Umm Jokes

Following is our collection of funny Umm jokes. Read umm ohh jokes no one knows (to tell your friends) that will make you laugh out loud.

Enjoy this list of puns and riddles where you ask a question with answers, or where the setup is the punchline. We hope you will find these umm ahem puns funny enough to tell and make people laugh.

Howlingly Hilarious Umm Jokes for an Unforgettable Evening

Son: Dad, what's the opposite of Karen?

Dad: Umm, I don't know, Sharon...?

Son: But I thought Sharon was Karen.

A man tells his blonde girlfriend that his scalp is itchy.

Worried, she calls her mother and asks what to do. She replies calmly, Just give him some Head & Shoulders. She agrees, but calls back about 30 minutes later, Umm... how do you give someone shoulders?

A joke on telemarketers from Seinfeld

**j**...:** This isn't a good time.

**Telemarketer:** When would be a good time to call back, sir?

**j**...:** I have an idea, why don't you give me your home number and I'll call you back later?

**Telemarketer:** Umm, we're not allowed to do that.

**j**...:** Oh, I guess because you don't want strangers calling you at home.

**Telemarketer:** Umm, no.

**j**...:** Well, now you know how I feel.

A blonde was walking down the street carrying a bag..

When another blonde rounds a corner and runs into her.
"My apologies! But what is in the bag, may I ask?"
"Oh, just carrying home some chickens for dinner for me and my husband!"
"If I guess how many chickens are in there, may I have one?"
"Hah ! If you can guess how many chickens I have in my bag, you can have *both* of them!" chuckles the blonde

"Umm.. seven?"

jokes about umm

When someone botched a joke.

Teacher: "Two cannibals are eating a clown. One clown says to the other 'does this taste funny?' "

Class: "umm"

Me to friend: "that was like a dead baby..."

Friend: "what?"

Me: "poor delivery"

This is probably the first joke I actually came up with myself. It felt good.

A Little Girl Catches Her Parents Having s**...

One night, a little girl decides to peek inside her parent's bedroom. She is shocked by what she sees, for she catches a glimpse of mommy bouncing up and down on top of daddy.

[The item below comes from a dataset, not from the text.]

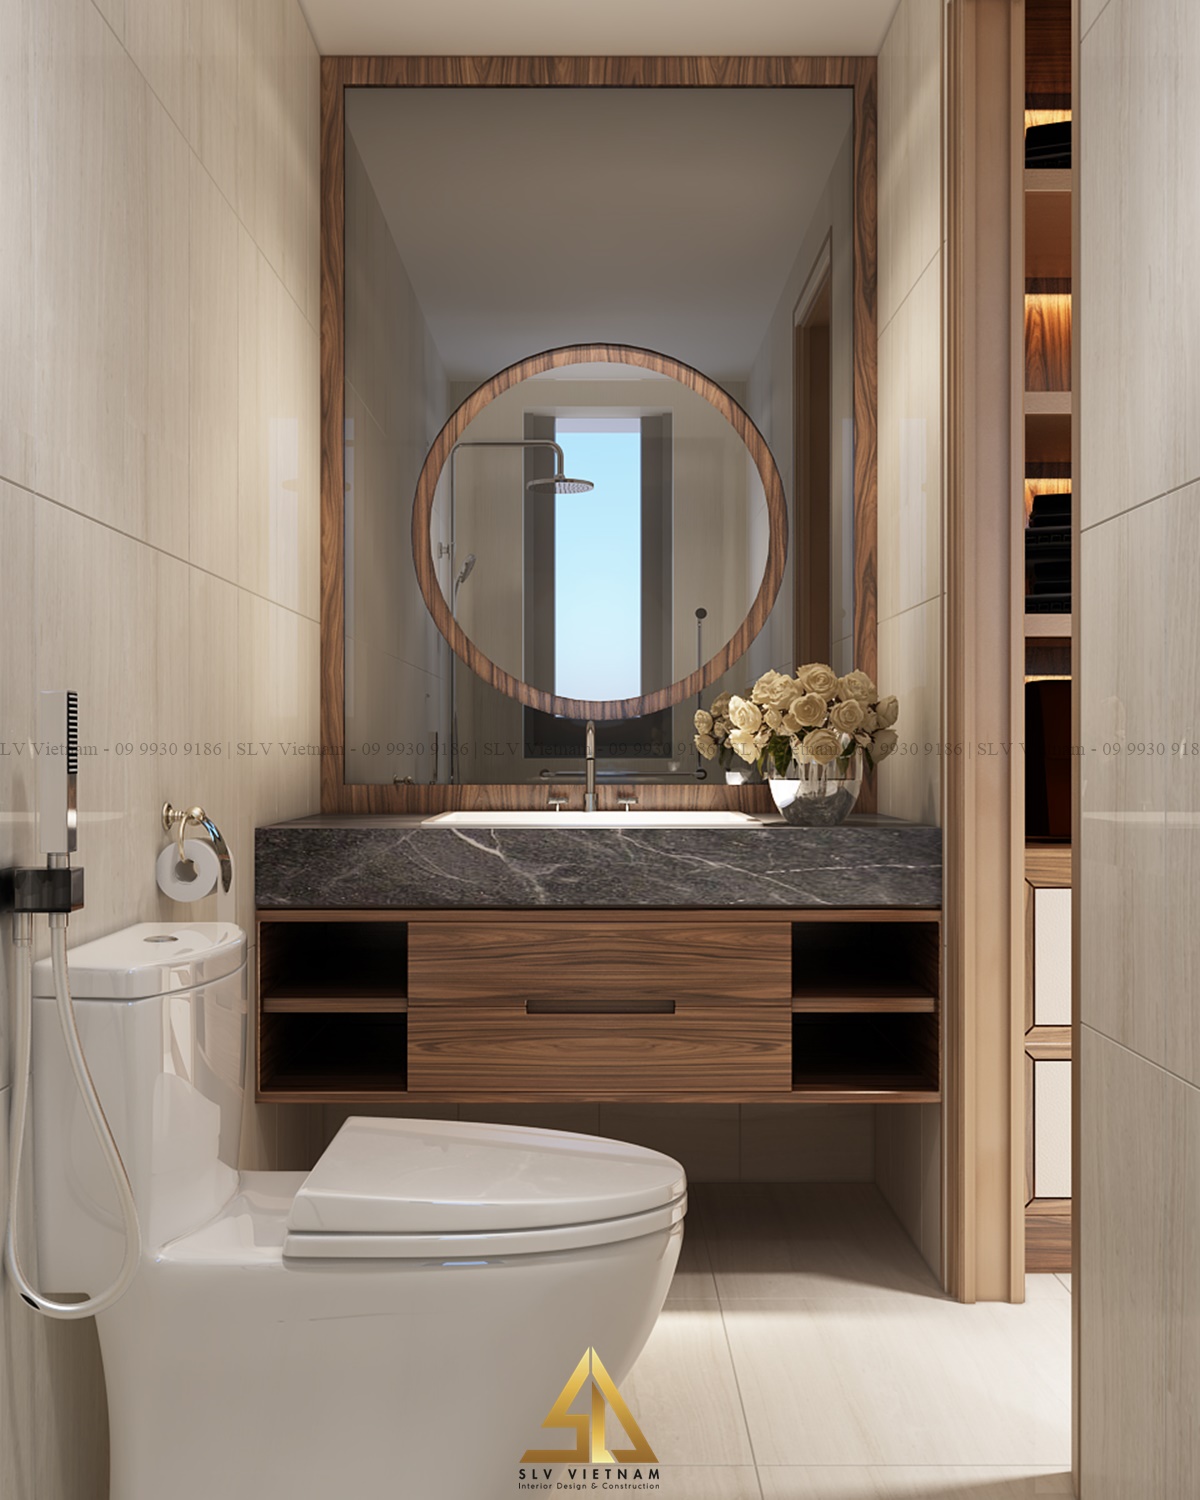 Sự kết hợp giữa gỗ và đá tự nhiên tạo nên không gian nội thất nhà tắm độc đáo và ấn tượng (Dự án của SLV Vietnam)
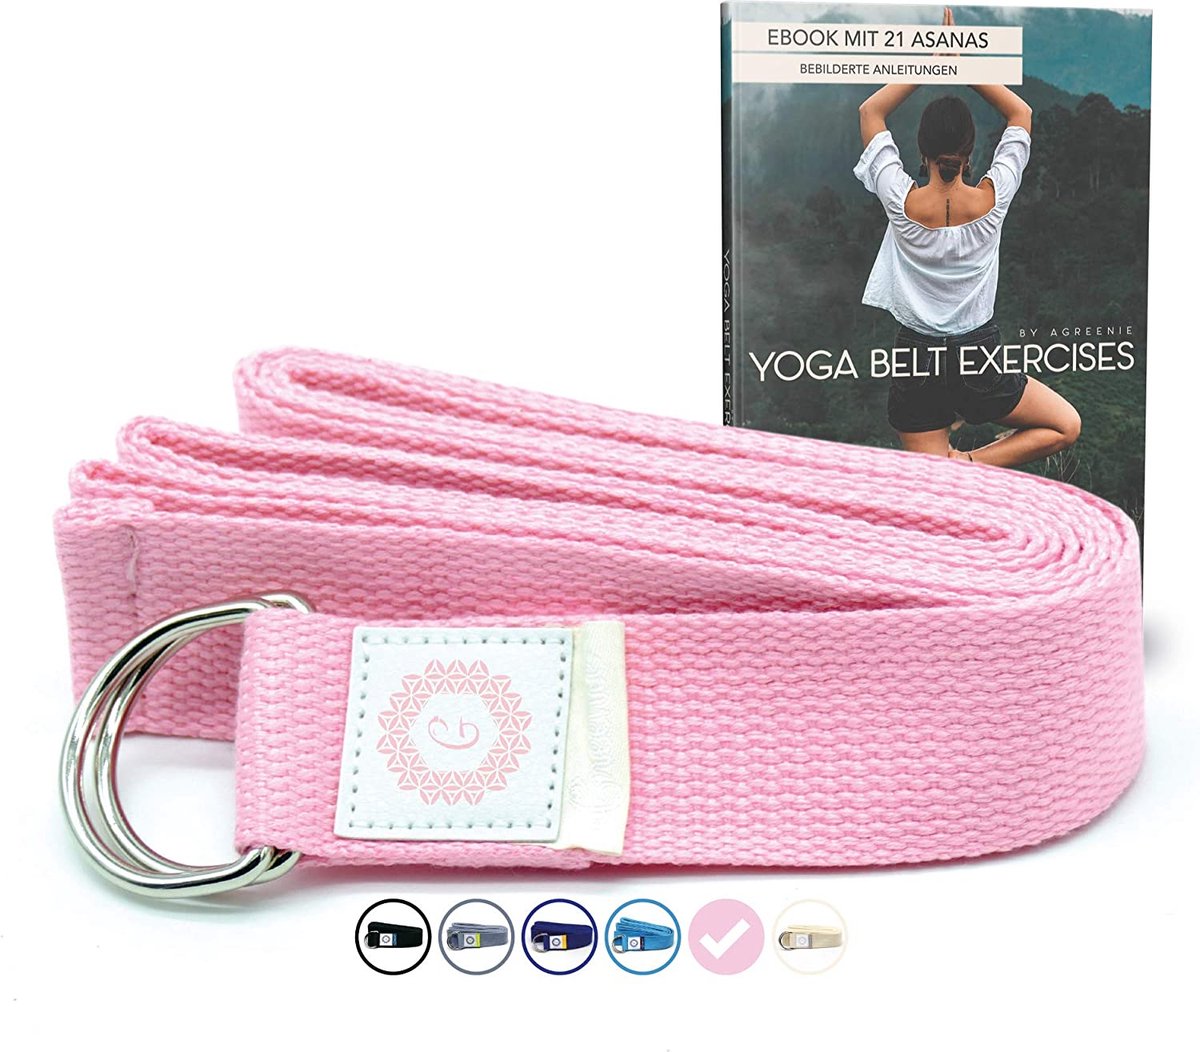 aGreenie Premium Yoga Riemen van 100% katoen - 240 x 3,8cm / Yoga Strap voor een intensievere stretch / Yoga Riem + gratis trainingsgids - rose

That very next morning, she asks her mom, "Mommy, why were you hopping up and down on top of daddy?"

The mom replies, "Oh, umm, well, I was just trying to help lose weight by pushing the air out of him."

The girl says, "Well that won't work mommy."

Puzzled, the mother replies, "Well why not, honey?"

"Well, every week while you're at work, the pretty girl from across the street comes to blow him back up!"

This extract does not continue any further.